Commonly used denoising algorithms include median filtering, Gaussian filtering, mean filtering, wavelet denoising, nonlocal mean denoising and total variation denoising.

1, median filtering

Median filtering is a nonlinear digital image processing algorithm, which is used to reduce or eliminate noise in digital images. By sorting the pixel values in the moving sliding window of the image, the middle value is taken as the new value of the current pixel.

This filtering method is widely used to remove salt and pepper noise, in which the single pixel value in the image is strongly disturbed. The advantage of median filtering is that it can effectively preserve the edge features of the image, while removing the influence of noise, and will not introduce too many fuzzy effects.

2. Gaussian filtering

Gaussian filter is a linear smoothing filter, which is used to denoise and blur in image processing and signal processing. Based on Gaussian distribution function, it blurs the image by weighted average of pixels in the image.

The standard deviation of Gaussian filter determines the width of the filter. The larger the standard deviation, the wider the filter distribution and the more obvious the smoothing effect. Gaussian filtering is usually used to remove Gaussian noise, which has a good effect on some continuous noise models.

3. Mean filtering wavelet denoising.

Mean filtering wavelet denoising uses wavelet transform to decompose a signal or image into subbands with different frequencies, and then denoises these subbands through threshold processing.

Wavelet denoising decomposes the image by wavelet to get subbands with different frequencies. Threshold processing is performed on each subband to remove noise components.

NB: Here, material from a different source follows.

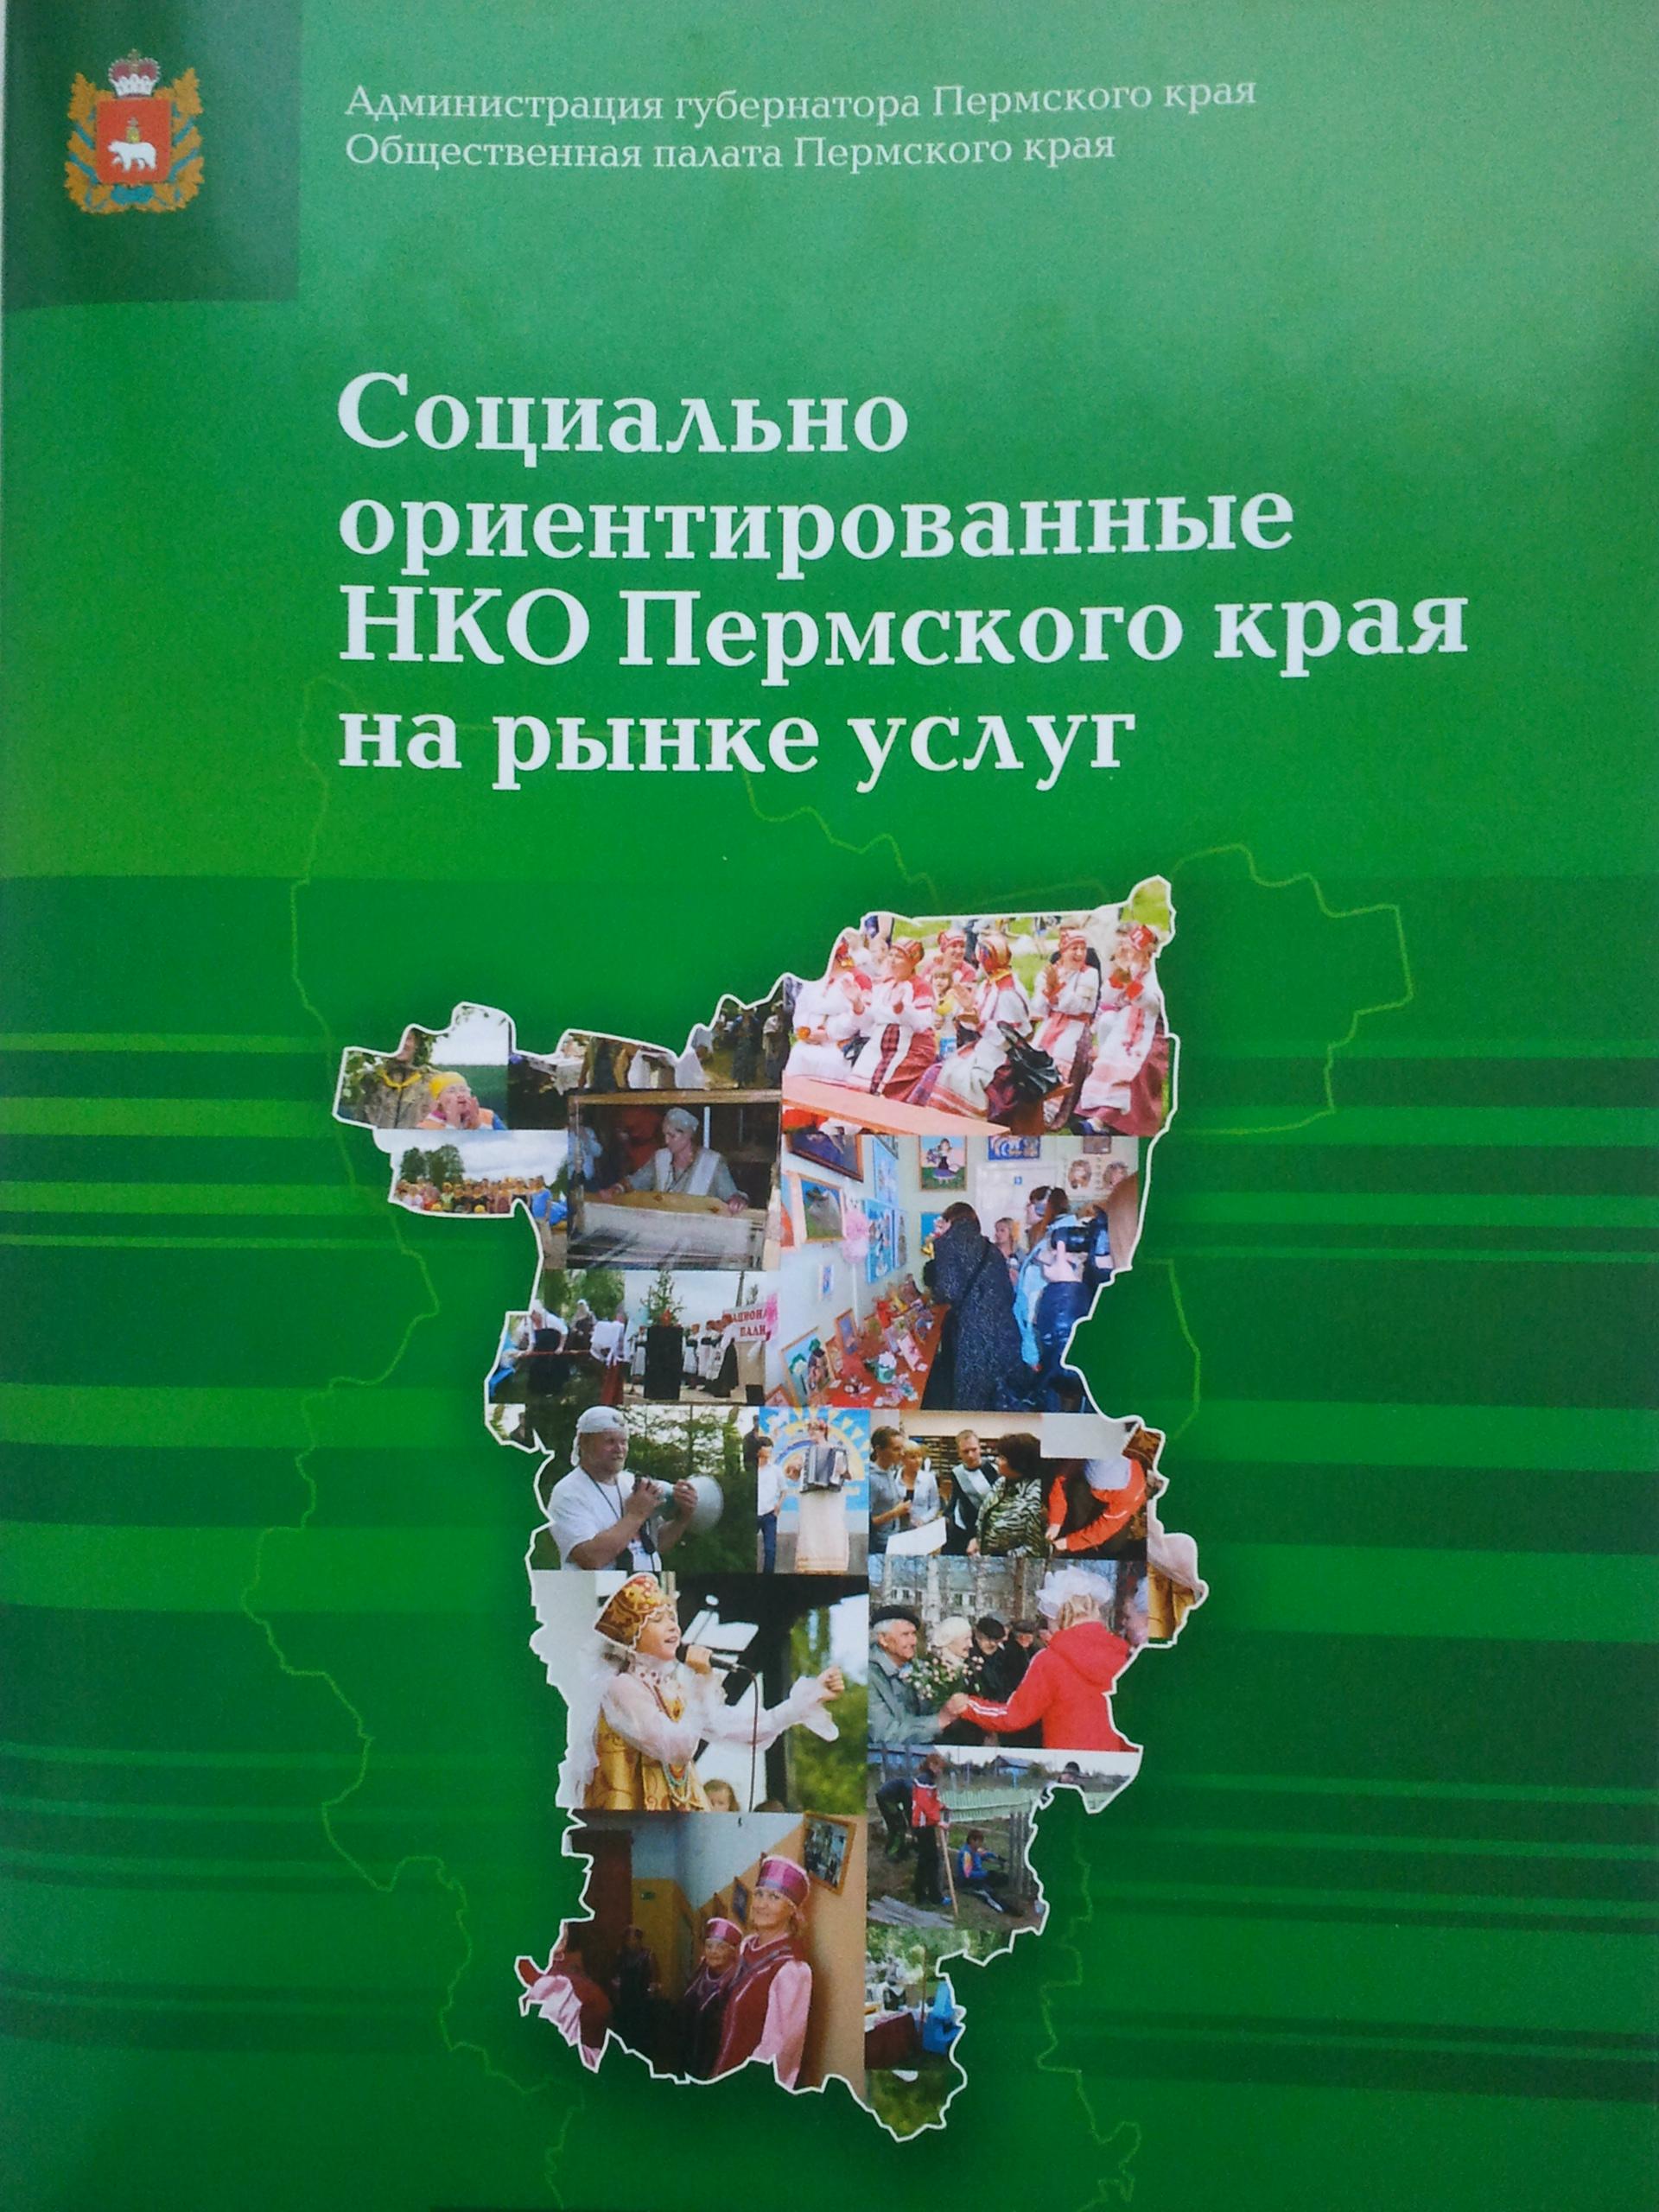 Социально-ориентированные НКО Пермского края на рынке услуг

The processed subbands are reconstructed into denoised images by inverse wavelet transform.

4. Non-local mean denoising

Non-local mean denoising is an image denoising algorithm, which is based on the concept of similarity and reduces noise by finding similar blocks in the image. Non-local mean denoising mainly uses the information of similar blocks (areas with similar textures or structures in the whole image) and local information near pixel points.

5. Total variation denoising

Total variation denoising is an image denoising algorithm. By calculating the sum of absolute values of differences between adjacent pixels in an image, the total variation of the image is minimized to smooth the image, thereby removing noise.